As Dr Fingleton notes, the Report recommends that ‘the weight of accountability should be shifted ... to a sharing of the weight between the Act, the rules adopted by a body when it incorporates, and where appropriate, any service agreement it enters into with a funding agency’ (p 14). I could not possibly disagree with this objective. But this type of statement, with which the Report (Vol. 1) abounds, does not explain how this objective might be achieved. For reasons indicated before (p 11), the simple recommendation of a ‘federal version’ of incorporated associations legislation is far too vague and, in any case, inappropriate. My discussion of a ‘tiered’ model[1] is merely an attempt to articulate an identifiable legal structure within which these same objectives may be fulfilled. It is disappointing that Dr Fingleton cannot see this.

Discussing the tiered model, I acknowledged the common points between the Report’s recommendations and my own suggestions.[2] But I moved on to a discussion of how concrete legal structures might accommodate the problems identified by the Review Team. This is where the debate should be, not at the level of general aspirational statements regarding the mixture of ‘custom’ and public accountability. I have not been met on this terrain by Dr Fingleton. Nor have I been met on my treatment of issues crucial to the design of these structures—issues such as the identification and codification of ‘custom’, the definition of membership, the possibility of corporate groups, corporate capacity and authority, the appropriateness of the fiduciary principle, the danger of ‘juridified’ social relationships, the protection of corporate minorities, the ideal level of reporting requirements and the structuring of the insolvency and administration regimes.

At the end of the day, the ACA Act is an incorporation statute. It is difficult to understand how the Report can recommend reforms to the ACA Act without engaging the basic corporate law doctrines, structures and assumptions that underpin the Act. Dr Fingleton suggests that these matters are simply my personal obsession. It would be interesting to see whether the ACA Act corporations and their legal advisers agree. My own contact with indigenous corporations indicates that these ‘technical corporate law concerns’ are of great practical significance. They require solutions which the Report (Vol. 1) cannot yield.

It is disappointing that my attempt to bring the corporate law perspective to the debate has provoked such a response. The indigenous corporation is here to stay. Whenever a group needs a legal personality of its own, a body corporate will be born and the age–old questions of corporate law will re–emerge. I ask readers to face this fact squarely, but to take heart. Corporate law is a highly malleable body of law. If one looks at the diversity of corporate structures and practices in the commercial world, one can only come to the conclusion that, under the right regulatory system, corporate law can go a long way to producing the tailor–made structures that self–determining incorporators require.
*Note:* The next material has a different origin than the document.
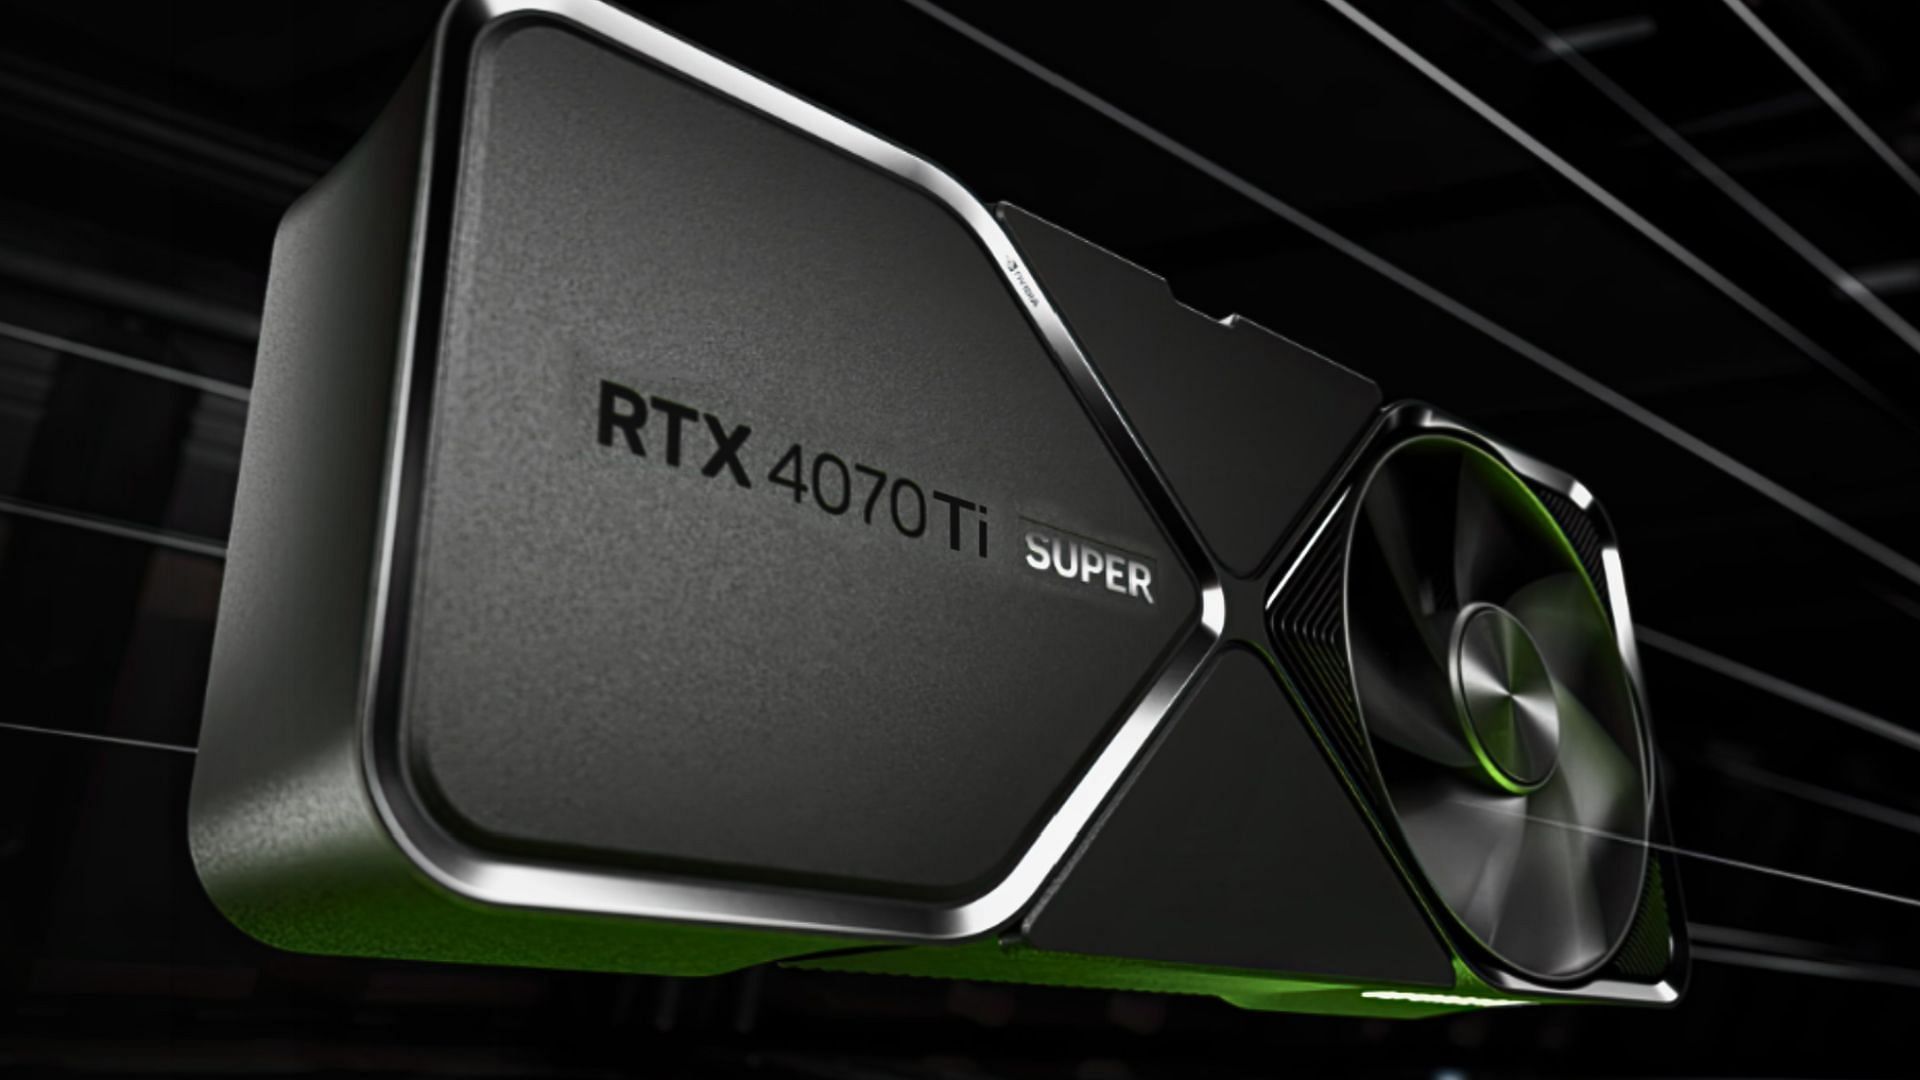 RTX 4070 Ti Super graphics card

Writing my article, I was struck by the need for orthodox corporate law doctrines to respond and adapt to the unique cultural, economic and political needs of indigenous incorporators. It is imperative that this process of adaptation commence and it is my hope that it will eventually yield a discrete body of law—a cross–culturally sensitive corporations law for indigenous corporations.


[1] The tiered model was not presented as ‘an innovation’. Fingleton (p 15) cf Mantziaris (p 11 and note 63).

[2] Again, this appears to have been overlooked: Fingleton (p 14) cf Mantziaris (pp 12, 13, and note 78).